Almost immediately both her roommate and her wealthy client are brutally assasinated, and Luciana runs for her life. With nowhere to hide, she turns to a handsome young monk, the only man immune to her charms, who harbors hopes of convincing her to give up her licentious life.
More murders force the two to flee Florence as they slowly realize that La Primavera is a coded puzzle that they must unravel if they hope to stay alive.
The Botticelli Secret is an exciting, bawdy, rollicking trip through the great cities of Italy, a most enjoyable journey.
And the interpretation of the figures and elements of this famous and much discussed painting is fascinating. It might even be true, as it's based on the work of the scholar Enrico Guidoni.
Whether true or not, it's certainly plausible within the confines of the novel and the painting. Also, all the buildings, places, and many of the characters mentioned are real.
I had a great time reading this novel just before seeing the painting in the Uffizi last month. La Primavera has always been one of my favorite Renaissance paintings and I never get tired of it.
I first saw it "in person" when I was 20 and traveling around Europe on my own.

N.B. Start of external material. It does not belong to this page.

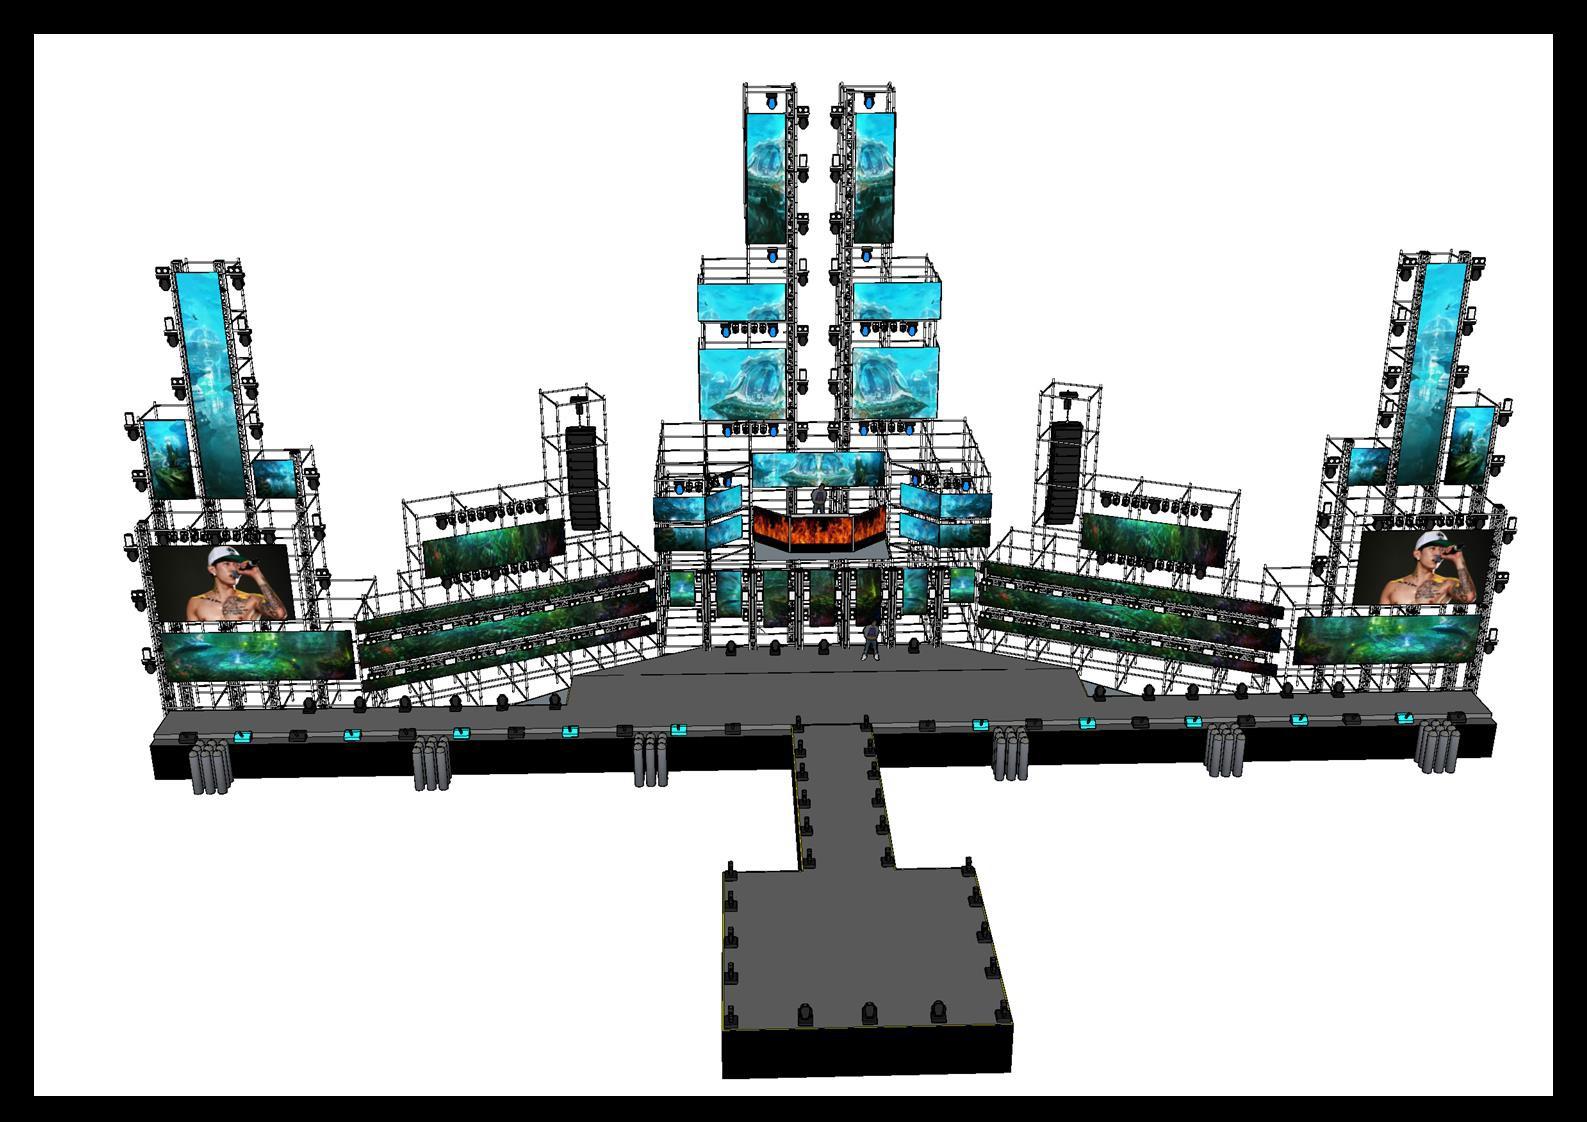 Lộ diện sân khấu Aqua League: Pháo đài nước khổng lồ sử dụng 100 tấn thiết bị và những khó khăn chưa từng tiết lộ - Ảnh 1.
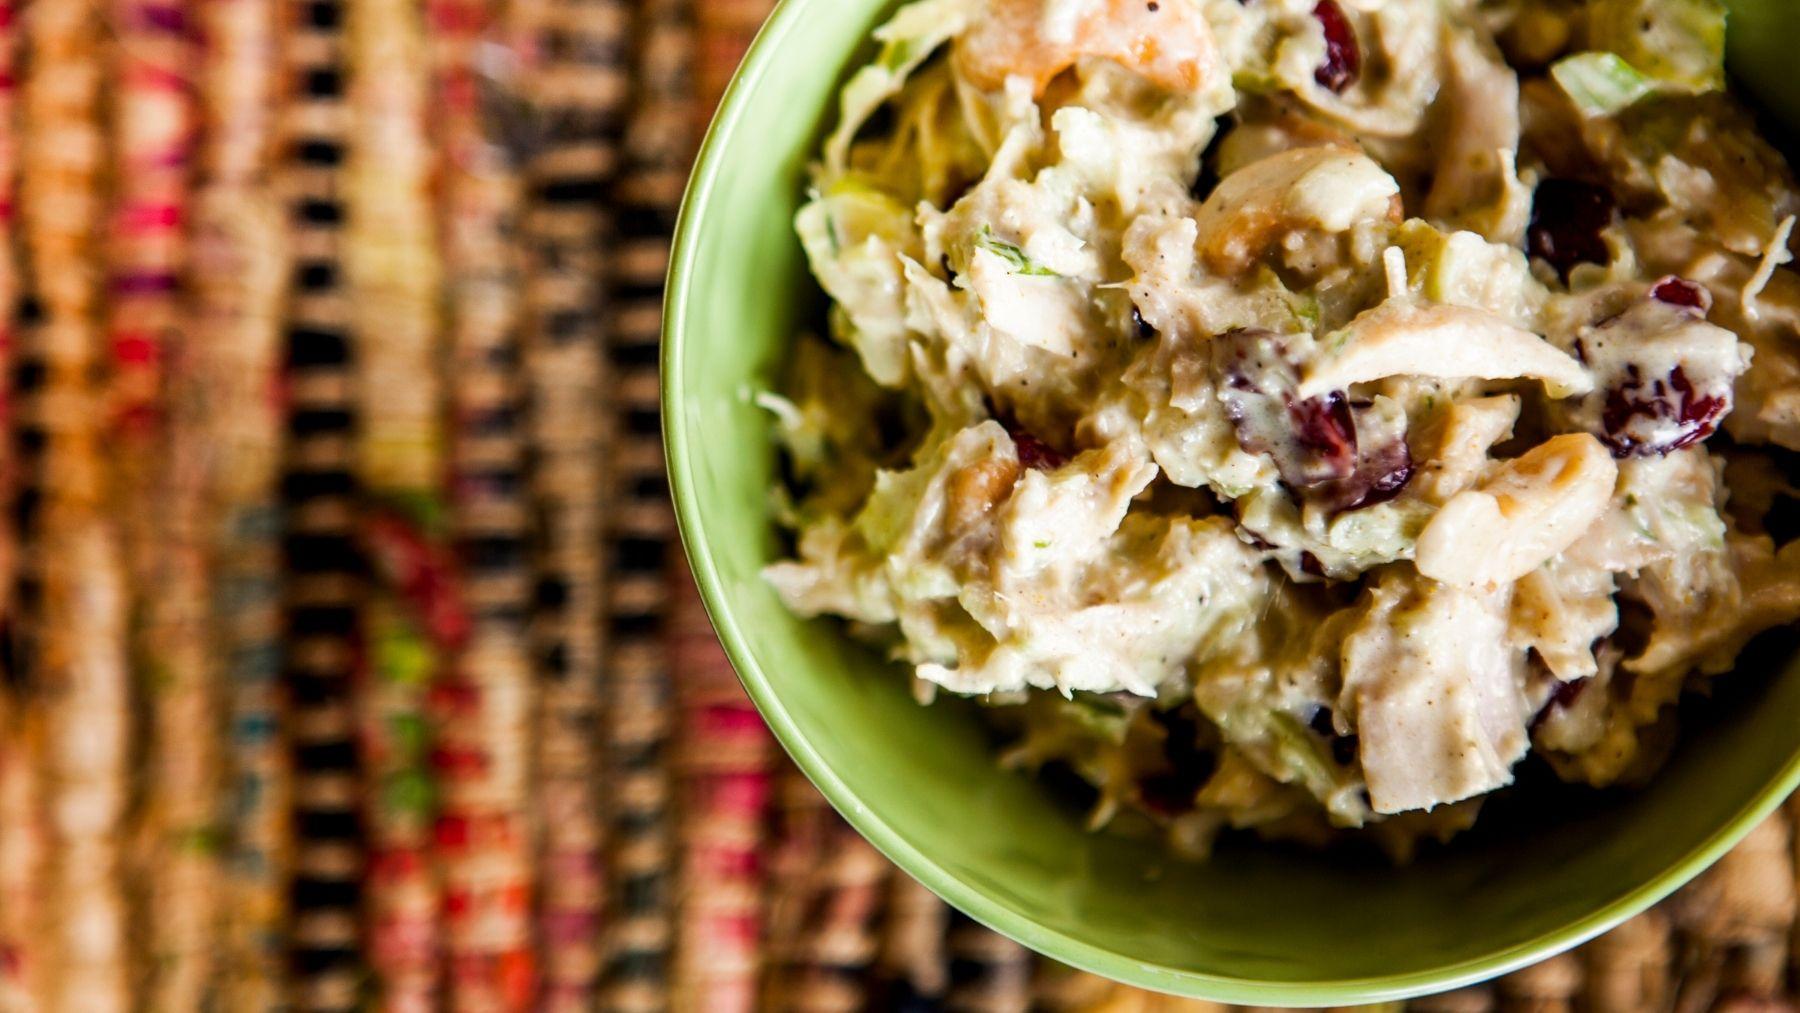 Receta de ensalada de pollo al curry con piña

All alone in the Botticelli room, I was stunned by its beauty and intrigued by its allegory.
(Today the Botticelli Room at the Uffizi in Florence is never empty, but if you go in the late afternoon, you won't have to fight the crowds of tourists and can spend all the time you want looking at this beautiful work.)
I've read many many interpretations of it over the years, but The Botticelli Secret is the most interesting and most coherent of them all.
It's a kind of high-brow DaVinci Code of a novel with surprises and twists that you won't be able to put down.